The parties agreed that the court should apply the standing rule enunciated by the Court of Appeals in Alco Gravure v. The Knapp Foundation, 64 NY2d 458 (1985). That case was a declaratory judgment action brought by corporate plaintiffs whose employees were the intended beneficiaries of a charitable foundation. In deciding the issue of the plaintiffs’ standing to maintain the action, the Court held that one who is merely a possible beneficiary of a charitable trust, or a member of a class of possible beneficiaries, is not entitled to sue for enforcement of the trust. Rather, the Attorney General has the statutory power and duty to represent the beneficiaries of any disposition for charitable purposes. However, the Court also recognized an exception to the general rule, where a particular group of people has a special interest in funds held for a charitable purpose, as when they are entitled to a preference in the distribution of such funds and the class of potential beneficiaries is sharply defined and limited in number (see id. at 465).
The Surrogate noted that the facts in Alco Gravure differed from the facts of the case before it because, first, Alco Gravure was not a cy pres proceeding; second, the plaintiffs in Alco Gravure were members of a named class of beneficiaries (i.e., persons employed by the defendant corporation); and, third, the issue in Alco Gravure pertained to the plaintiffs’ standing to sue, not standing to appear and participate as an intervenor as in this case. Nevertheless, the court stated that it would apply the rules enunciated in Alco Gravure, there being no other authority providing any superior guidance.
Applying those rules, the court rejected the argument advanced by the Attorney General and the Foundation that Ellis is merely one of an undefined class of hundreds of potential beneficiaries of a cy pres-directed distribution of the trust, with no preferred status in a case. Instead the court determined that Ellis had a unique, contractual relationship with the Hospital that set it apart from all other potential charitable beneficiaries, and that therefore it was entitled to a preference in the distribution. The court based its determination on the facts regarding the Berger Commission’s mandate and the Asset Transfer Agreement between the Hospital and Ellis, by which Ellis acquired the Hospital’s assets and assumed its hospital services.

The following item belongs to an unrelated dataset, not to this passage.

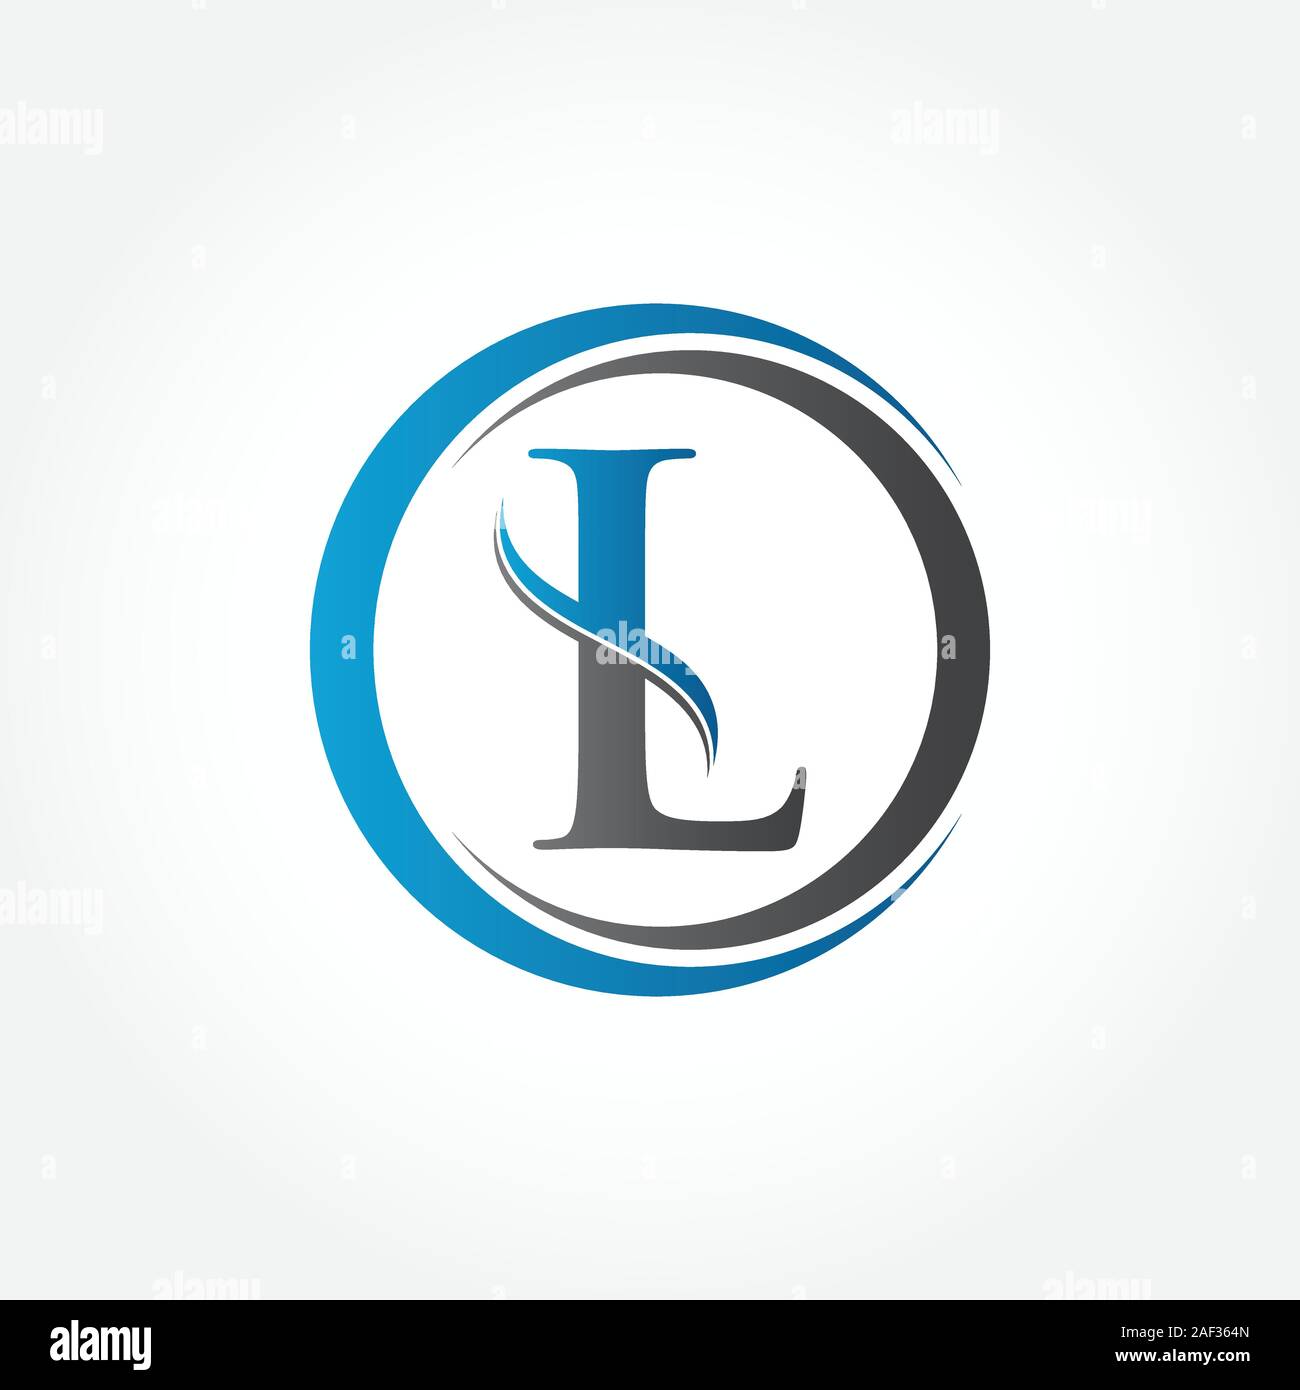 Corporate Letter Lv Logo  Lettering, ? logo, Typographic logo

However, the court was careful to emphasize that its ruling should not be interpreted as meaning that in the event it determined to exercise its cy pres power, Ellis would be the likely recipient of the subject charitable disposition. The court’s ruling only provided Ellis with the status of an interested party, with the right to file a responsive pleading, participate in discovery, make motions, and participate during the trial.
Although the importance of the court’s decision in Matter of Lally might not extend much further than the specific facts of that case, it certainly provides further authority for the proposition that the Surrogate’s Courts are, first and foremost, courts of equity.